● PROVIDED DATA:

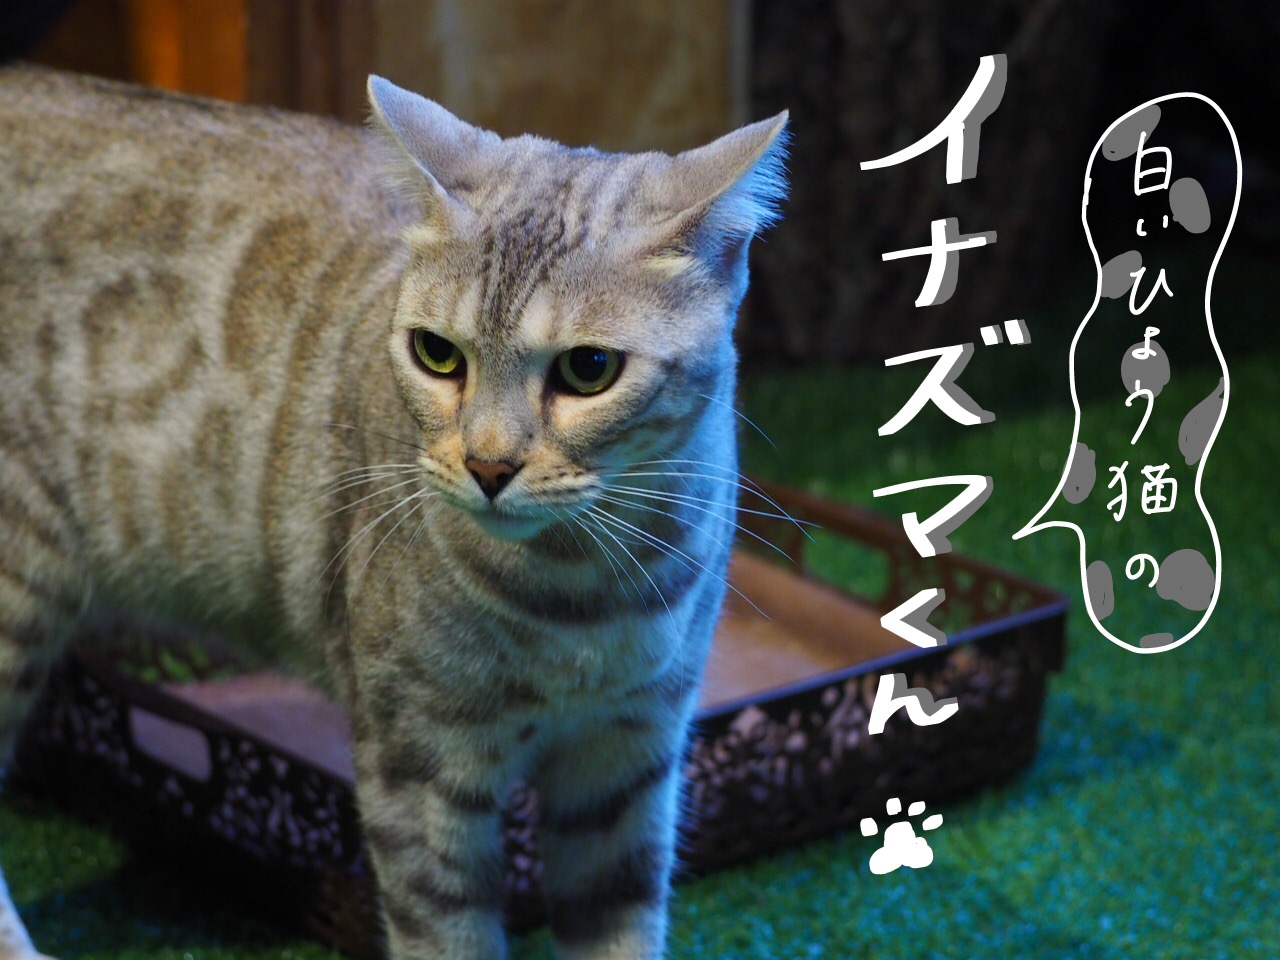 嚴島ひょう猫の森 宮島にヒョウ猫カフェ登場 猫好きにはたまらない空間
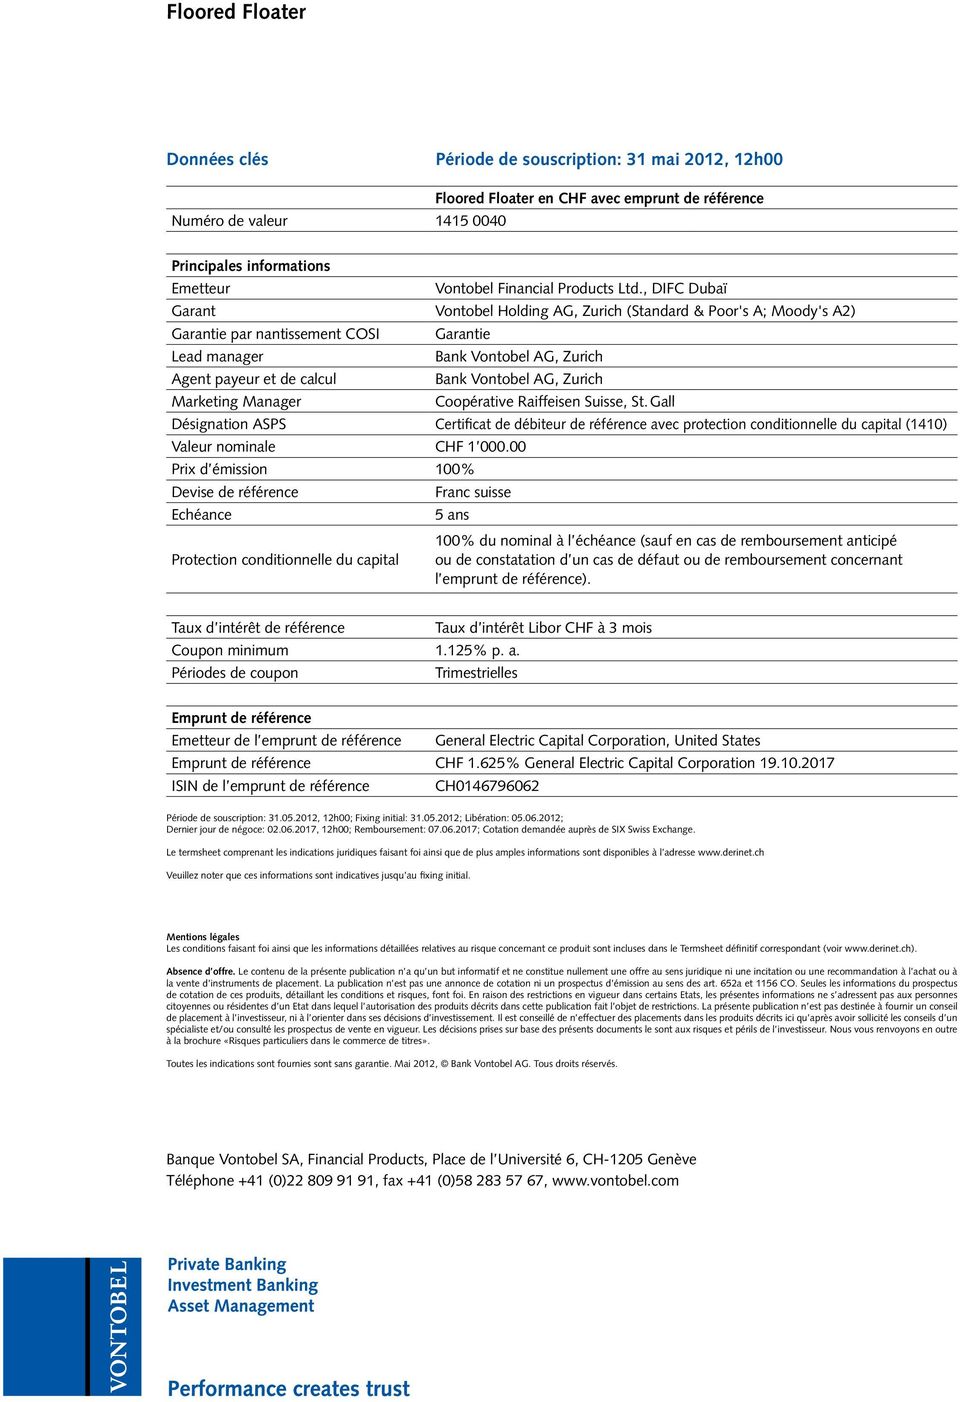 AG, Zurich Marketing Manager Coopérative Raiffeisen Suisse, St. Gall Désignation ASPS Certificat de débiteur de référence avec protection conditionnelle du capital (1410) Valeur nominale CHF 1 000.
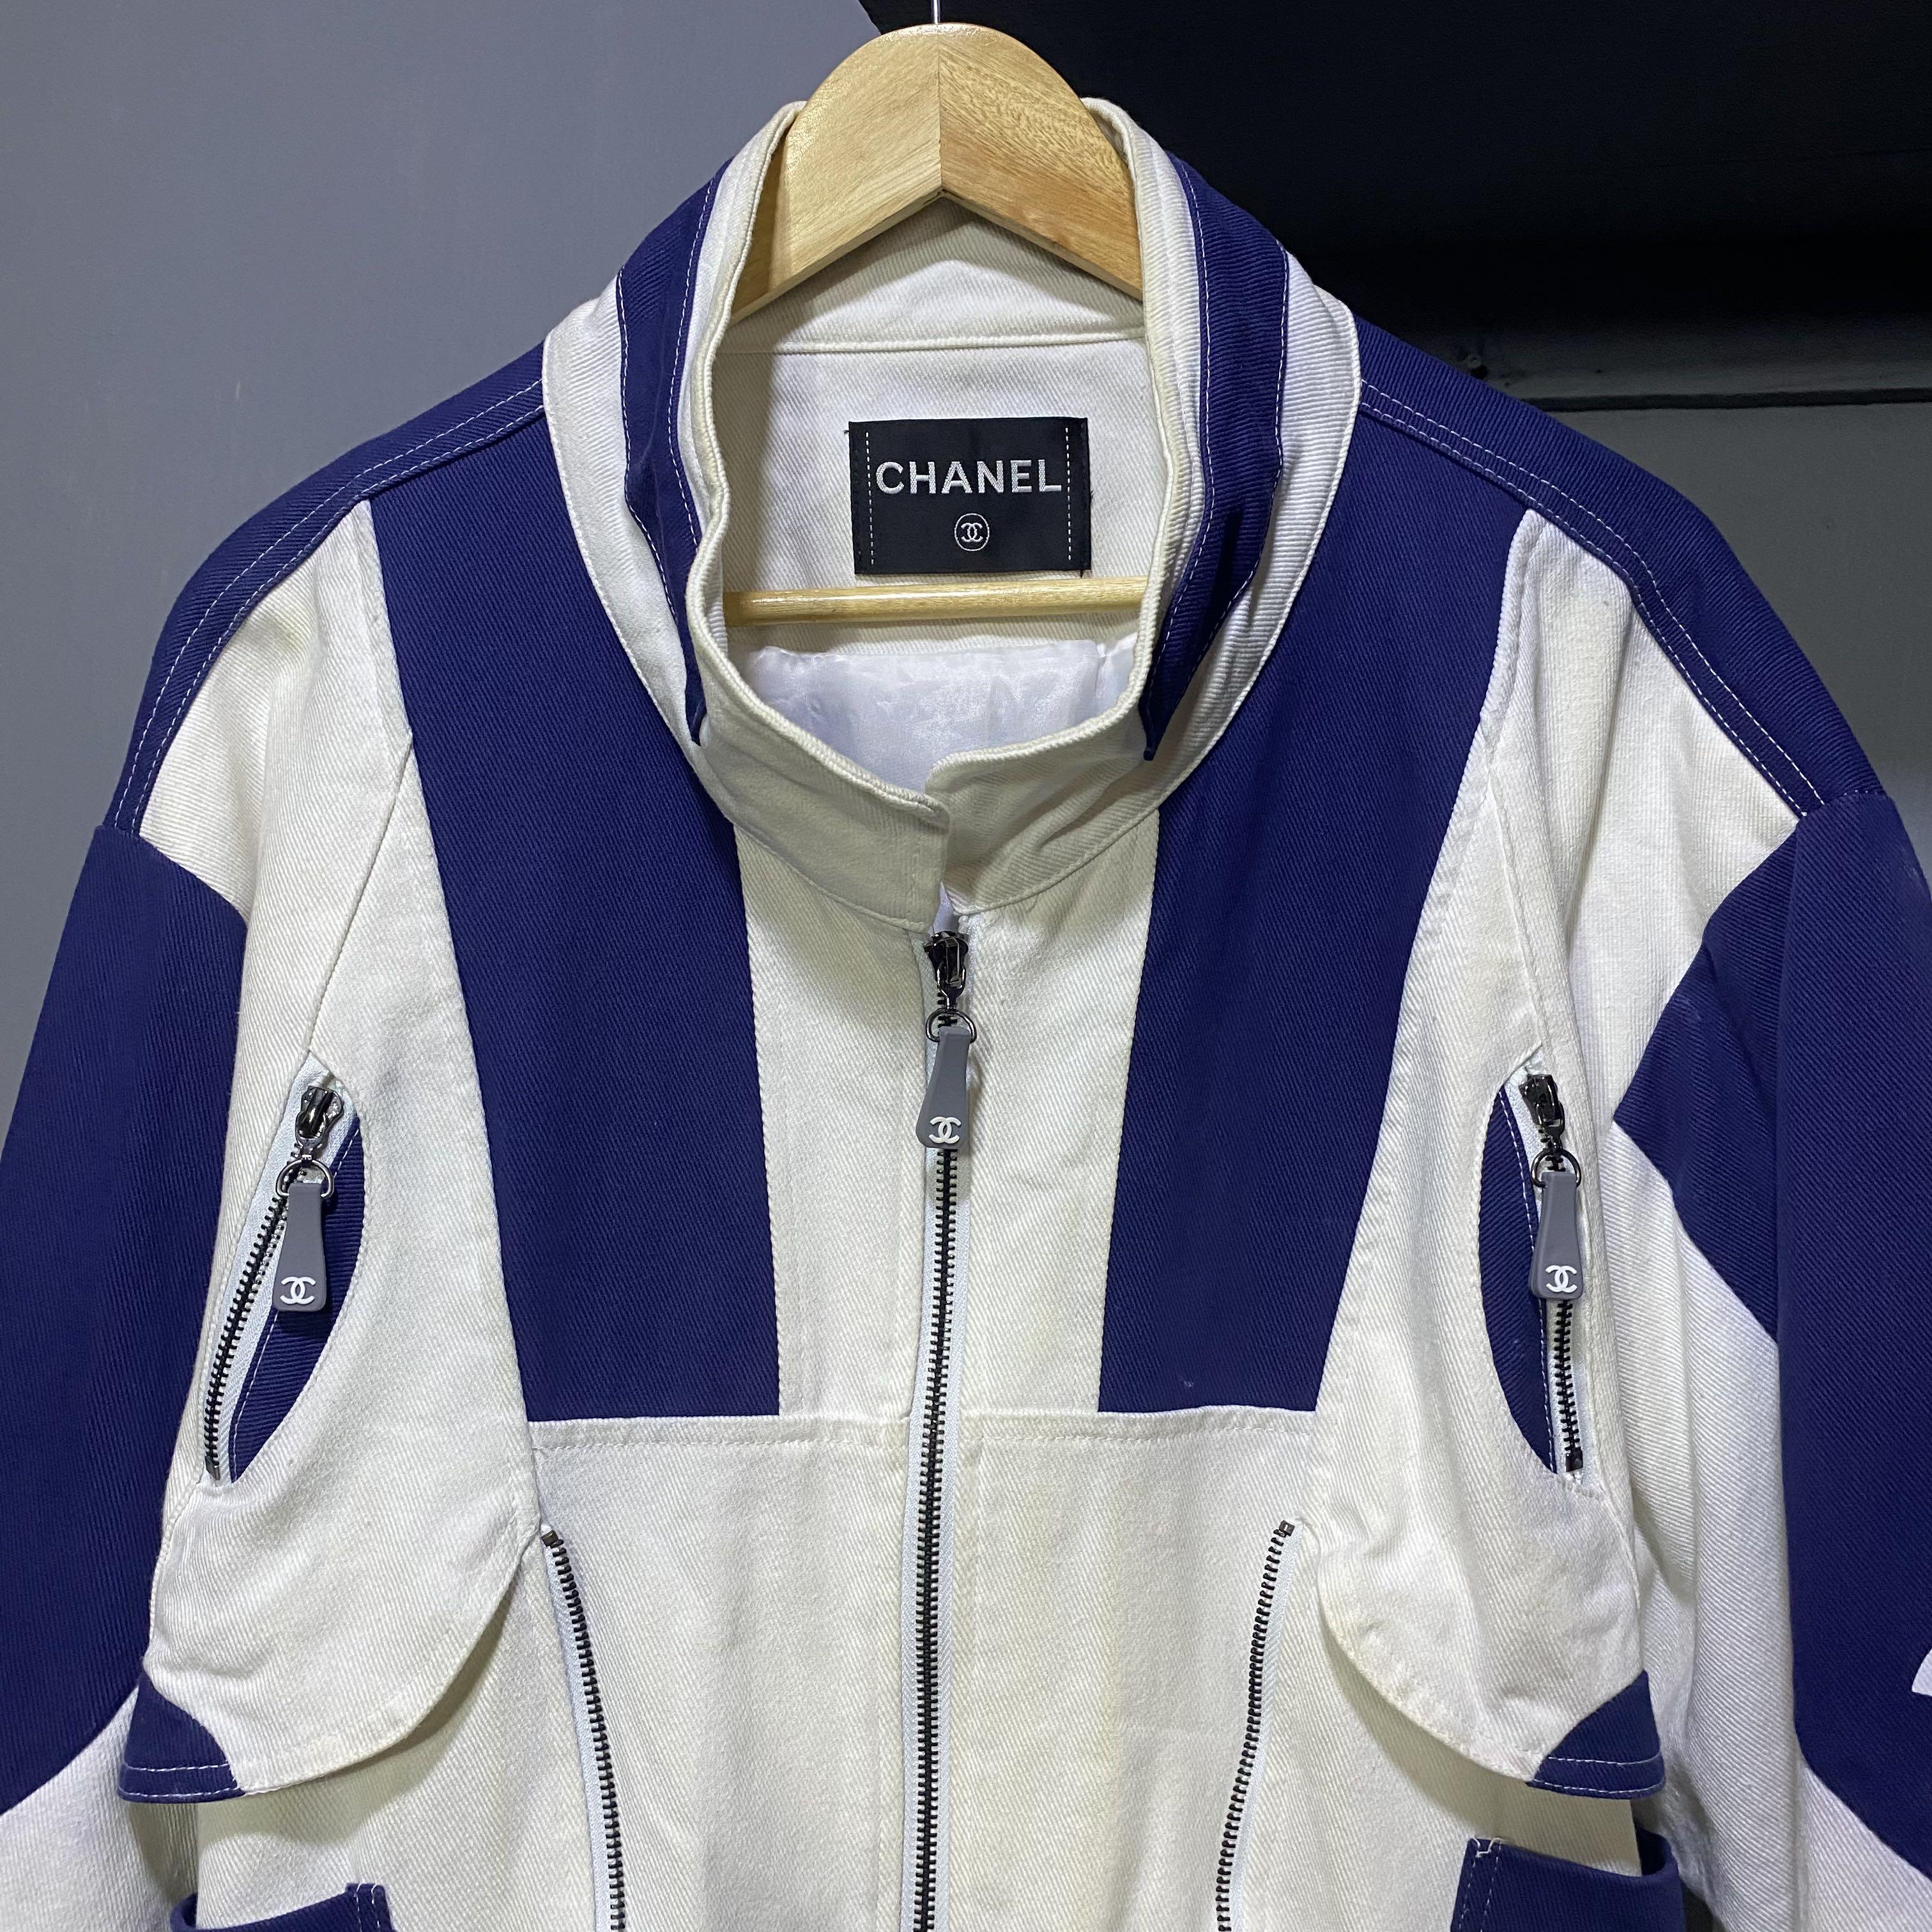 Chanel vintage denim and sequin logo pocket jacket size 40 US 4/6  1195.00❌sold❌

● EXERCISE AIM:
Repeat the material above in full and exactly, apart from the pictures.

● WORKED SOLUTION:
 嚴島ひょう猫の森 宮島にヒョウ猫カフェ登場 猫好きにはたまらない空間
 AG, Zurich Marketing Manager Coopérative Raiffeisen Suisse, St. Gall Désignation ASPS Certificat de débiteur de référence avec protection conditionnelle du capital (1410) Valeur nominale CHF 1 000.
 Chanel vintage denim and sequin logo pocket jacket size 40 US 4/6  1195.00❌sold❌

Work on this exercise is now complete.